* [Supplied information]

+++

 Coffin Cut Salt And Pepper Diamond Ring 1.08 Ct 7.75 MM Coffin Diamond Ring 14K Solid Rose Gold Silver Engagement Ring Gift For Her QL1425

+++

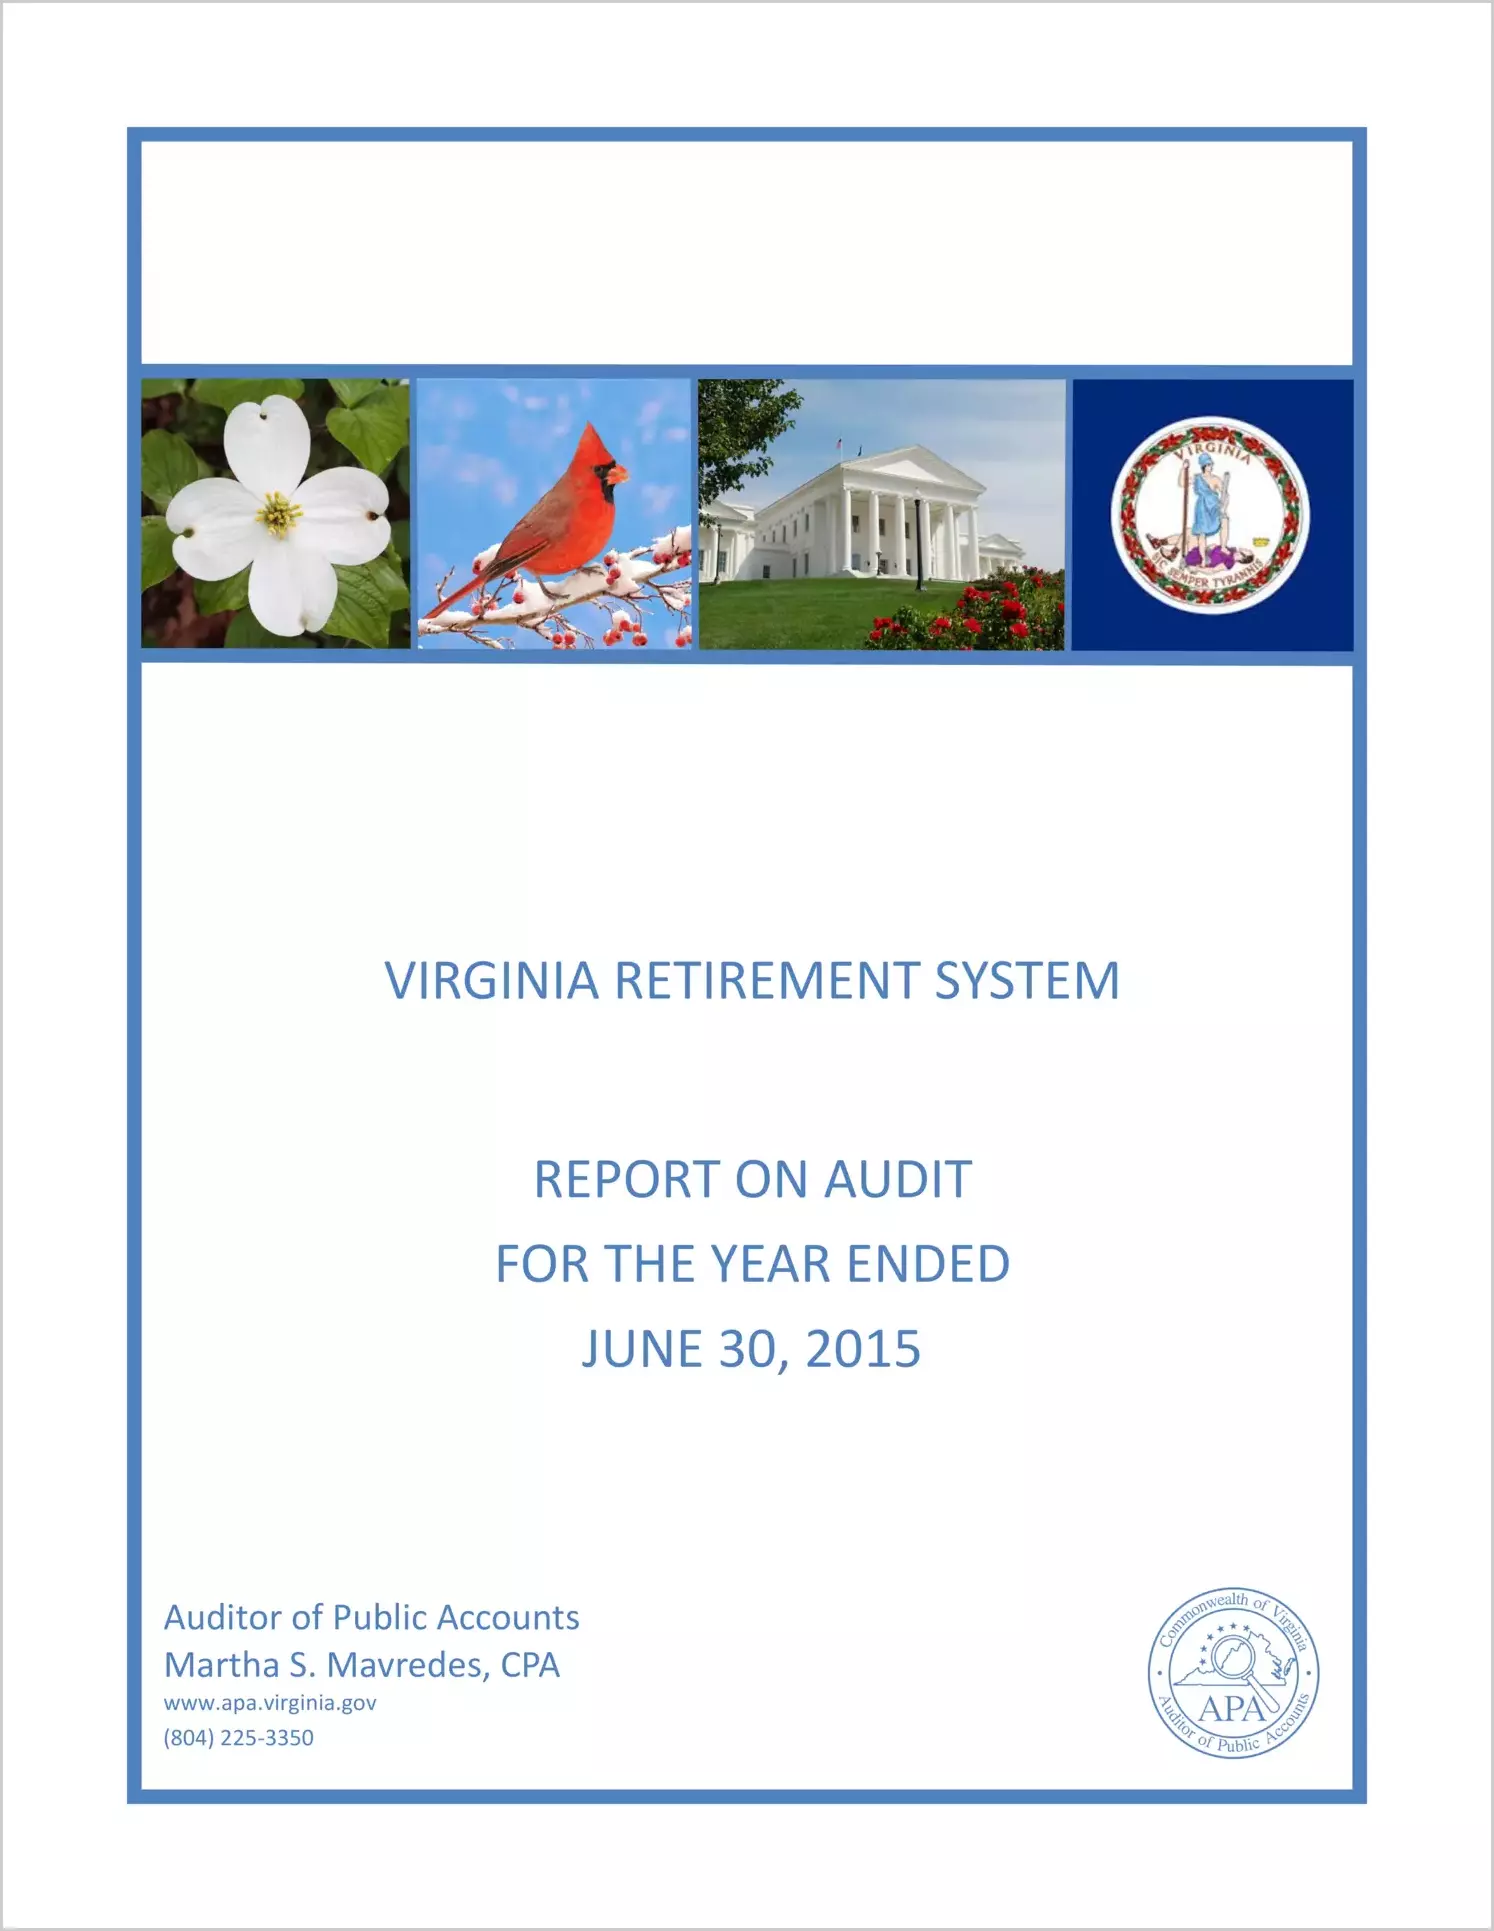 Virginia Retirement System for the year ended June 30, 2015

+++

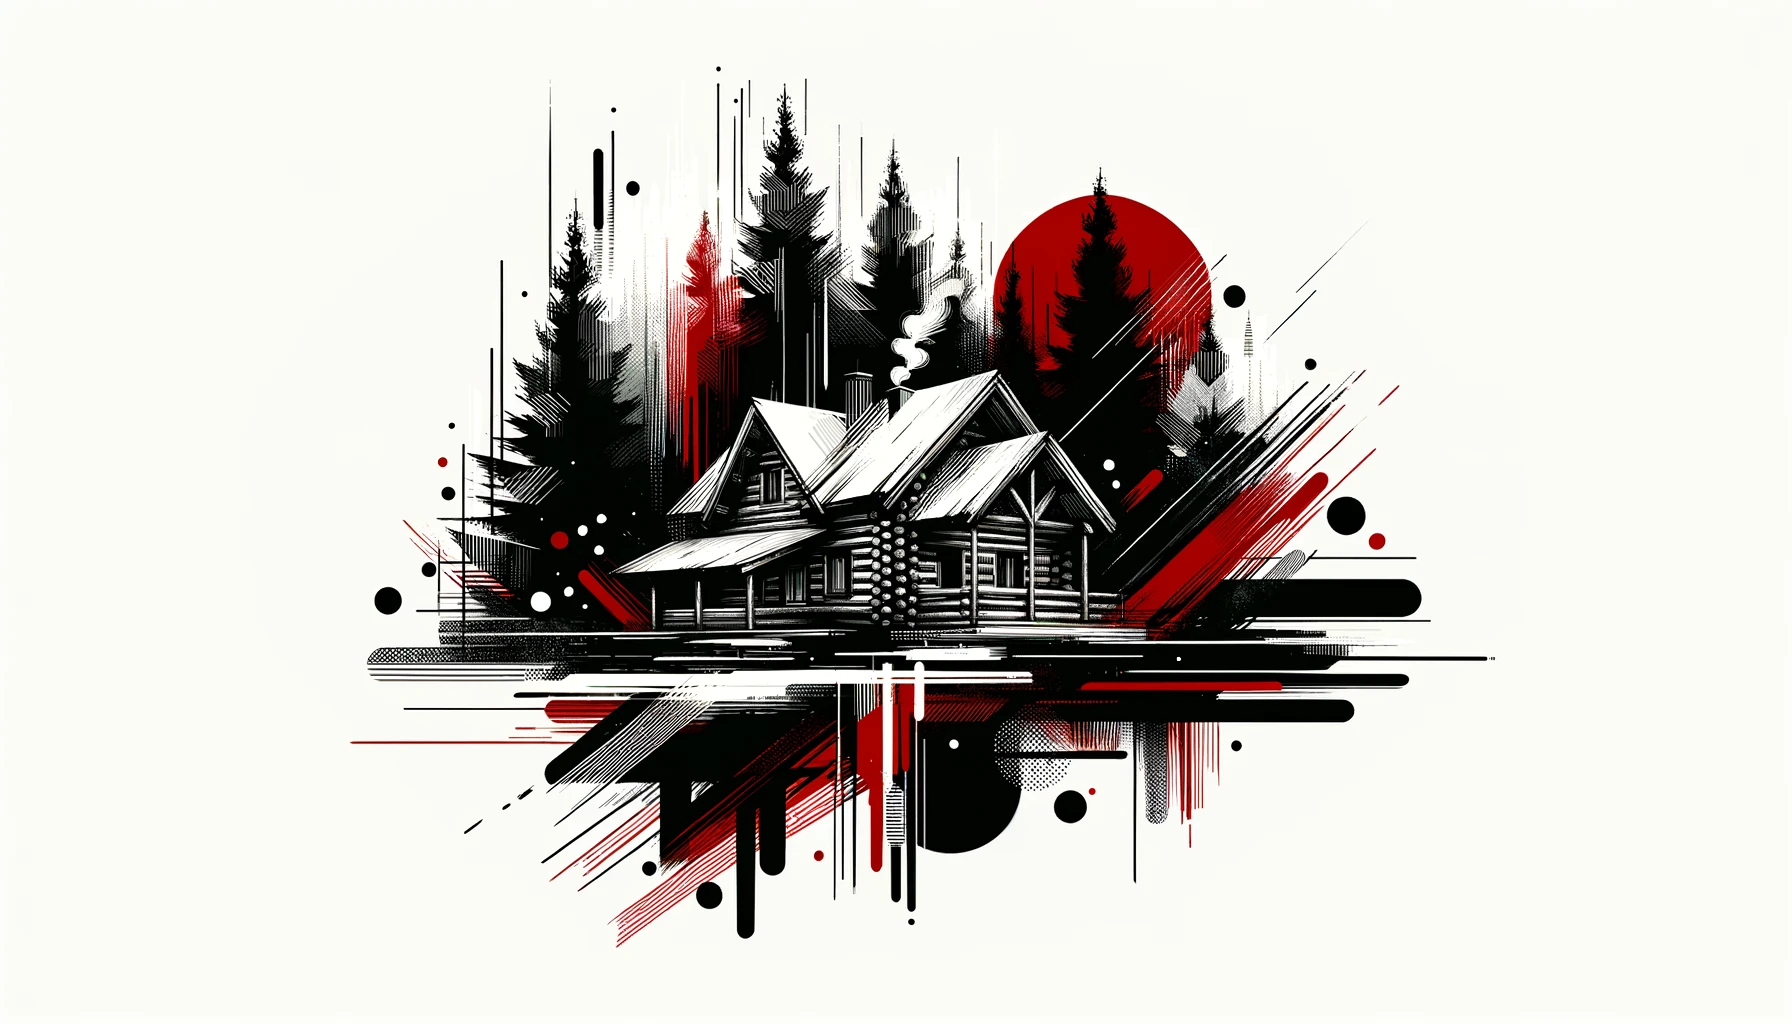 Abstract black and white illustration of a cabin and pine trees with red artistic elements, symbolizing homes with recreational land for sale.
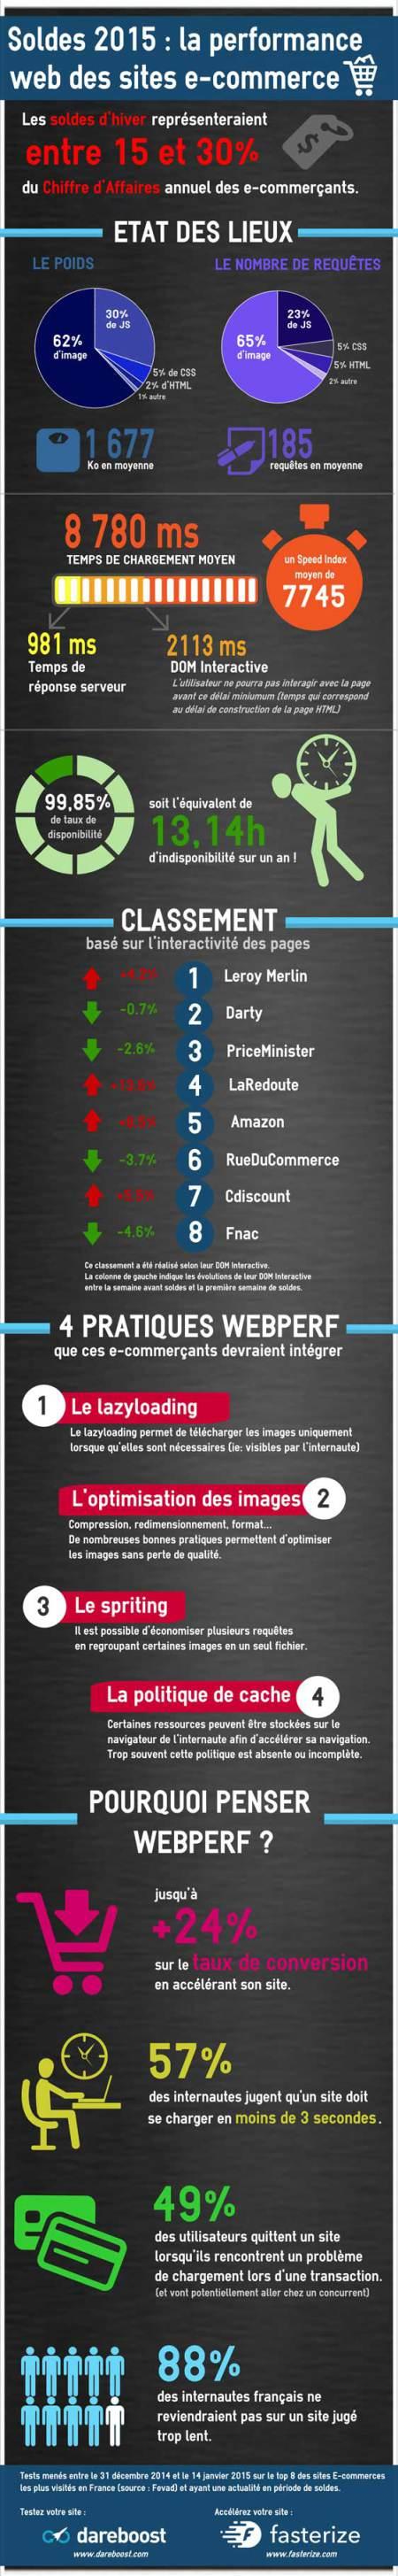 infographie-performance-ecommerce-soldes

+++

* [Required action]
Out of the records above, set down only the lines from the one that contains "Abstract black and" through the one that contains "infographie-performance-ecommerce-soldes", unchanged and without the pictures.

* [Output below]
 Abstract black and white illustration of a cabin and pine trees with red artistic elements, symbolizing homes with recreational land for sale.
 infographie-performance-ecommerce-soldes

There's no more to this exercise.